Rainy season here is when the kids typically get a lot more communicable diseases like cholera and dysentery.  And then they drop weight.  Weight here is a good predictor of health status, much more than in America.

What can you do for a child who drops 3 kg (6 ish pounds) in one month?  What do you say to a mom who probably knows that (all the children here are carried around on their mother’s backs tied on with a cloth) her child is losing weight?

Dear Lord, protect these children.  Keep them safe.  It’s out of my control.

When all the children were finally weighed and Frances was done marking them on the appropriate government documents, we assisted Lamb with shots. 

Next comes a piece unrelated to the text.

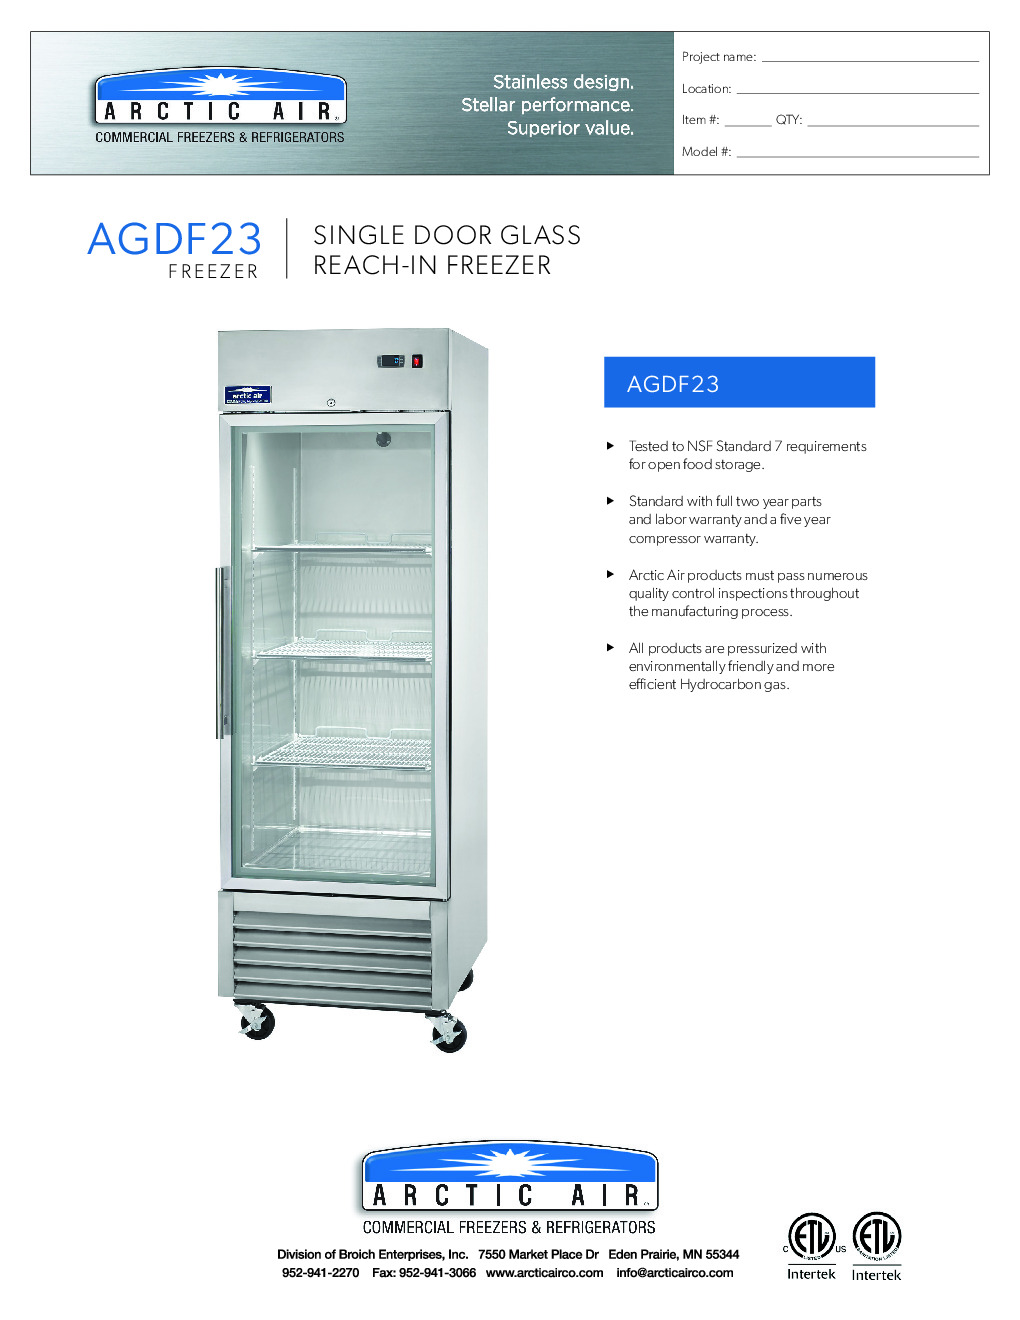 Arctic Air AGDF23 Reach-In Freezer

His name isn’t really Lamb.

 Lamb is the English translation of the Lamba (the dialect spoken here) word that his name is.  If I had to guess, I think his name starts with an M, but most of the words we know in Lamba start with an M, so maybe I’m thinking of something else.

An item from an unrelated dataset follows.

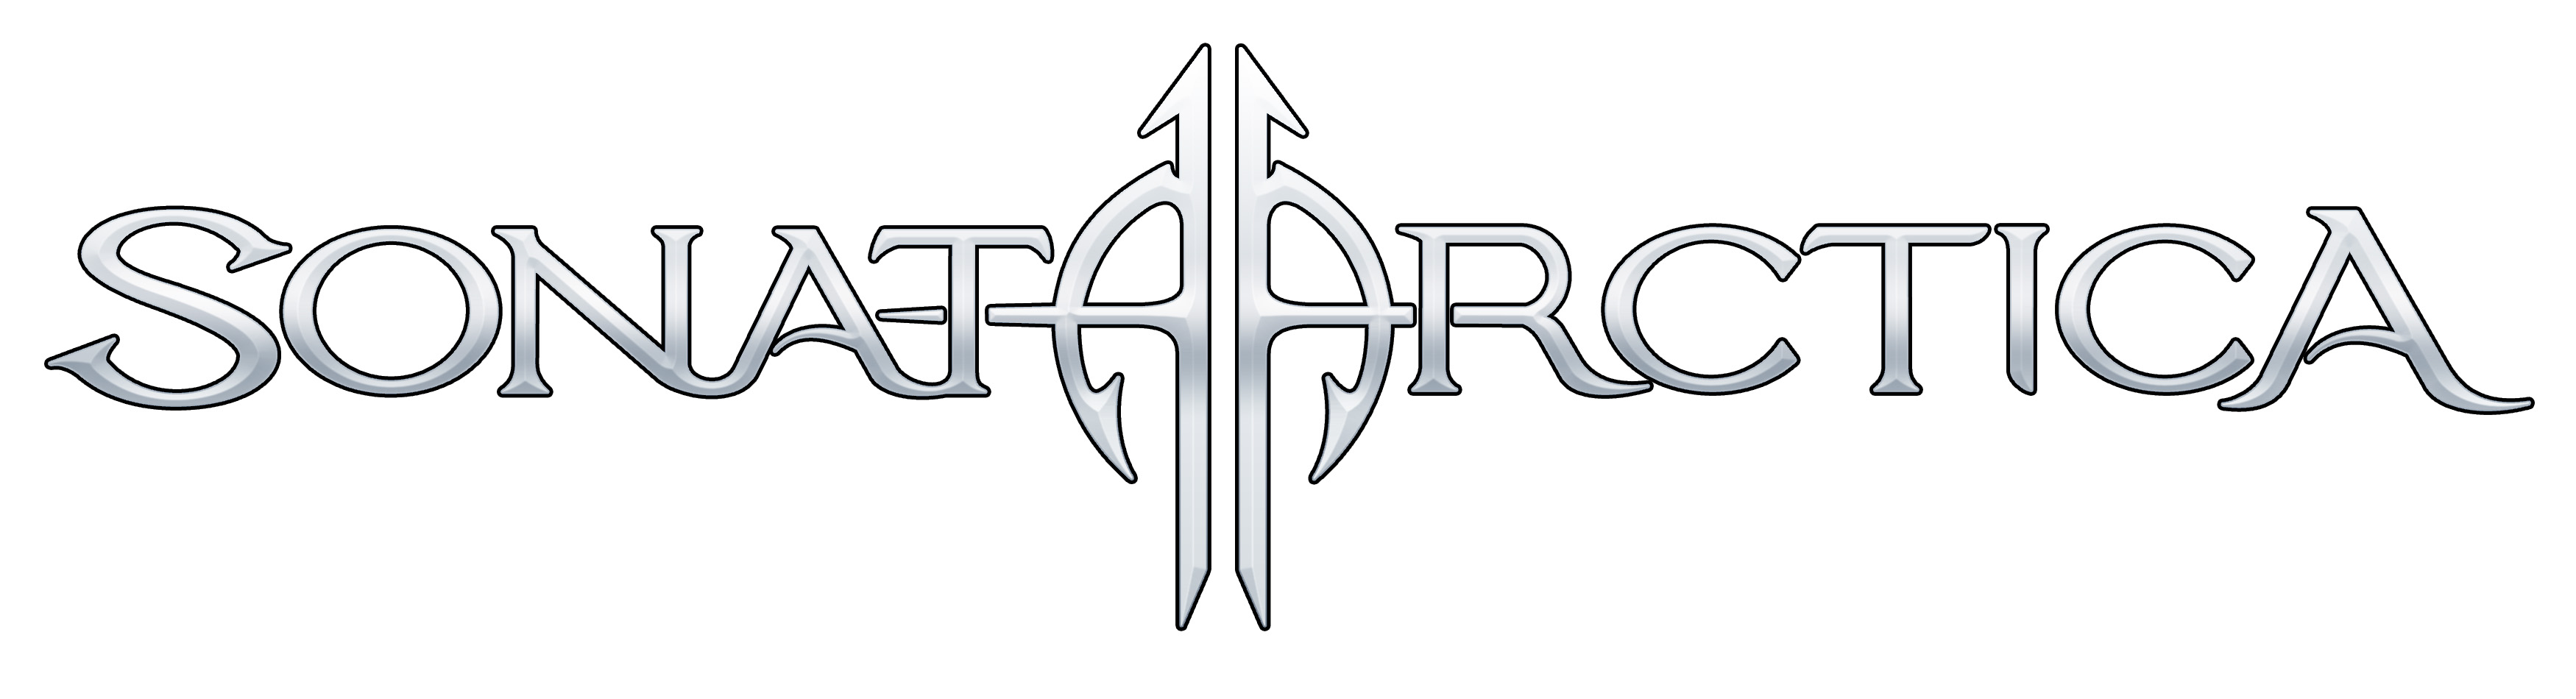 Sonata_Arctica_logo.jpg

I took a picture towards the end of clinic when there were only about 20 people left.  Next time I'll be brave and take one earlier! We wish we could have ALL our clinics under the trees!


[end of clinic]

This time I gave all the injections and Fances gave all the OPV (Oral Polio Vaccine) drops.  It’s surprisingly harder to aim medicine at a child’s mouth than it should be.  And now, someone else understands that!

I got really good at giving injections.  It wasn’t exactly fun, but it was a good feeling to know with every shot I gave in the thigh I protected the child against 5 diseases! (Tetanus, Diphtheria, Pertussis, Hepatitis B, and Hib) They’ve been giving the 5-in-1 shot here for about 2 years now.  Before that, it was 3 separate injections like it is in America.  With every shot I gave in the arm, I protected the child against measles.  With every shot I gave on the left forearm, I protected the child against disseminated TB.  That shot leaves a scar on the child’s arm, which is much better than a child dead from TB.  It’s a good way to make sure the child is immune.

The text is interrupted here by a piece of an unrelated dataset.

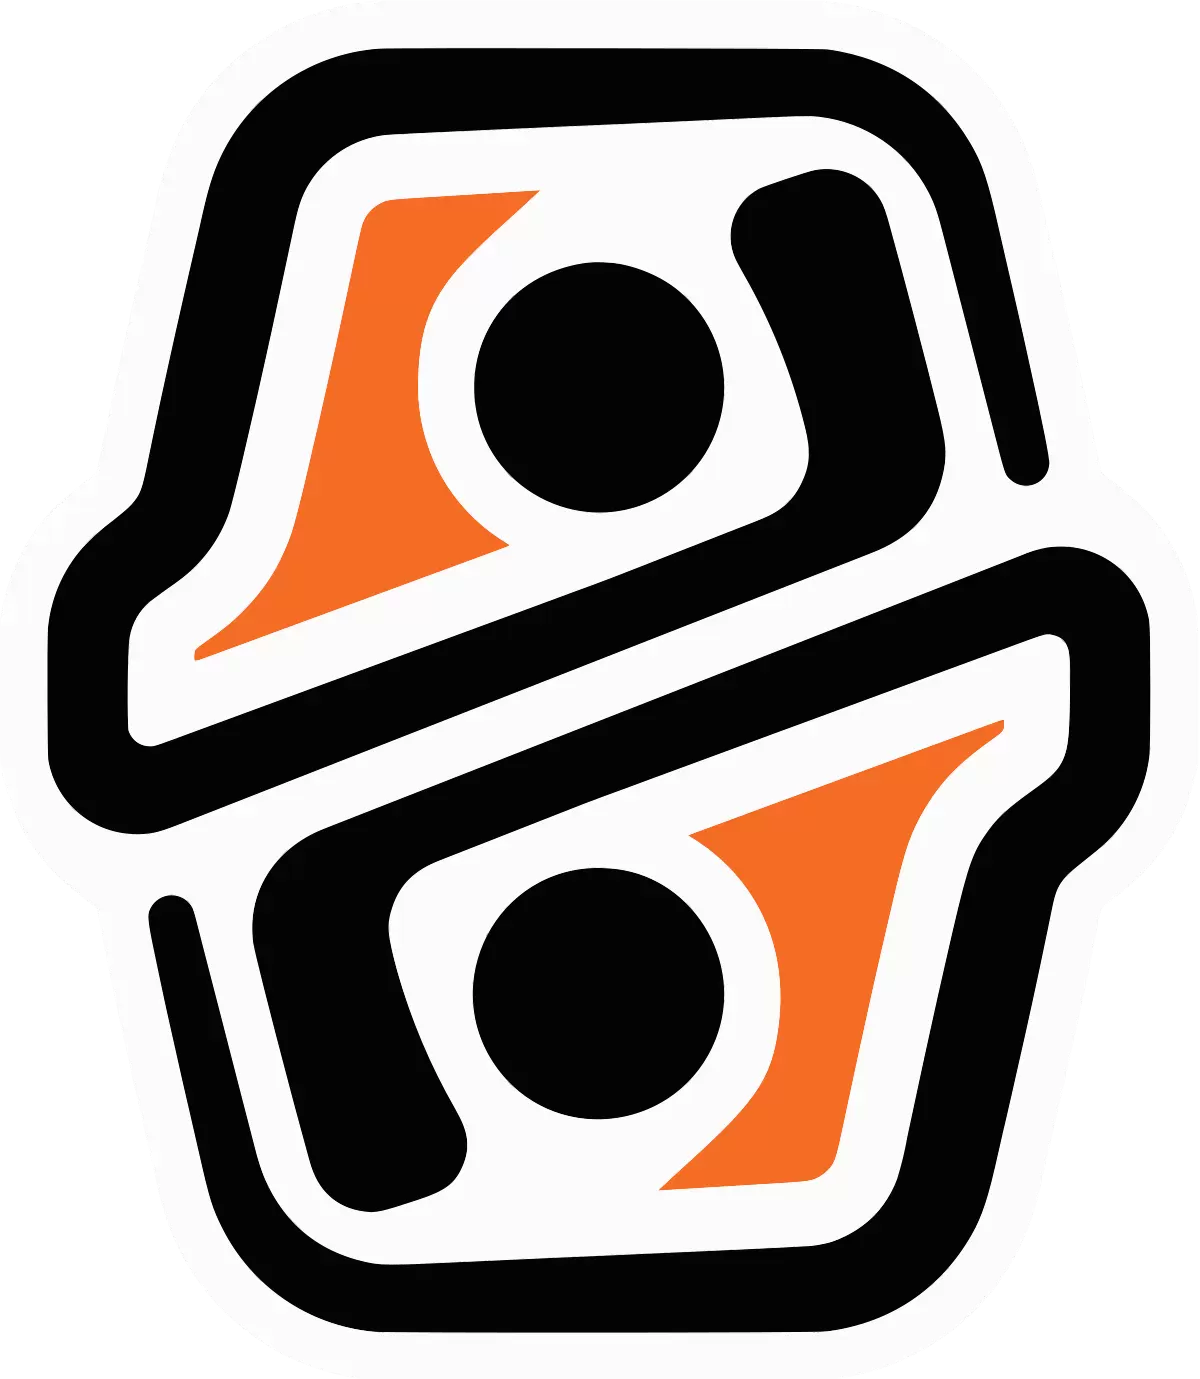 HC Košice logo

Frances found that waiting until after the injection when the child’s mouth was open, screaming, increased the odds of making the shot into the child’s mouth. 

We gave 32 injections into a child’s thigh, using up our entire stock of the 5 part vaccine.  We had EXACTLY enough vaccine for each child, so no one had to go unvaccinated this week.

Clearly, God was with us.


[exactly enough: 2 vaccines and 2 Clinic Cards]

With 3 people dividing all the work, it took us nearly 4 hours to complete everything.  There were exactly 100 children.  Plus some kids that weren’t there to be weighed.

Good thing I put 2 slices of cheese on my sandwich today :)

When the work was finished, we had to get the scale down out of the tree.  I’m not sure how the scale got up there because it was hanging when we arrived.  Frances offered to climb the tree, but she couldn’t get up to the branch where the scale was tied to.

So I had to break out my mad tree-climbing skills.

This isn’t my first time climbing a tree in Africa.  For the first story, you can read here: http://shanhelster.blogspot.com/2009/05/childhood-calls-me-here.html


[skills]

This time I wasn’t in a skirt though, which made things easier.  I got heckled by some people walking by, so it was harder to get down, because they stopped to watch.  But I made it and I didn’t fall like they were worried about.

Thankfully.

………………………………………………………………………………………….

After we ate we got to talk with the Lab tech, Pooley, and Lamb.  We found out that some people here work for days to make charcoal, load it up on their bikes (I’ll try to find you a picture, there’s like 8 huge bags of charcoal strapped to a bike) and then walk their bikes to market to sell their charcoal for a total of 12 US Dollars.  Then they have to feed their family on that for weeks at least. 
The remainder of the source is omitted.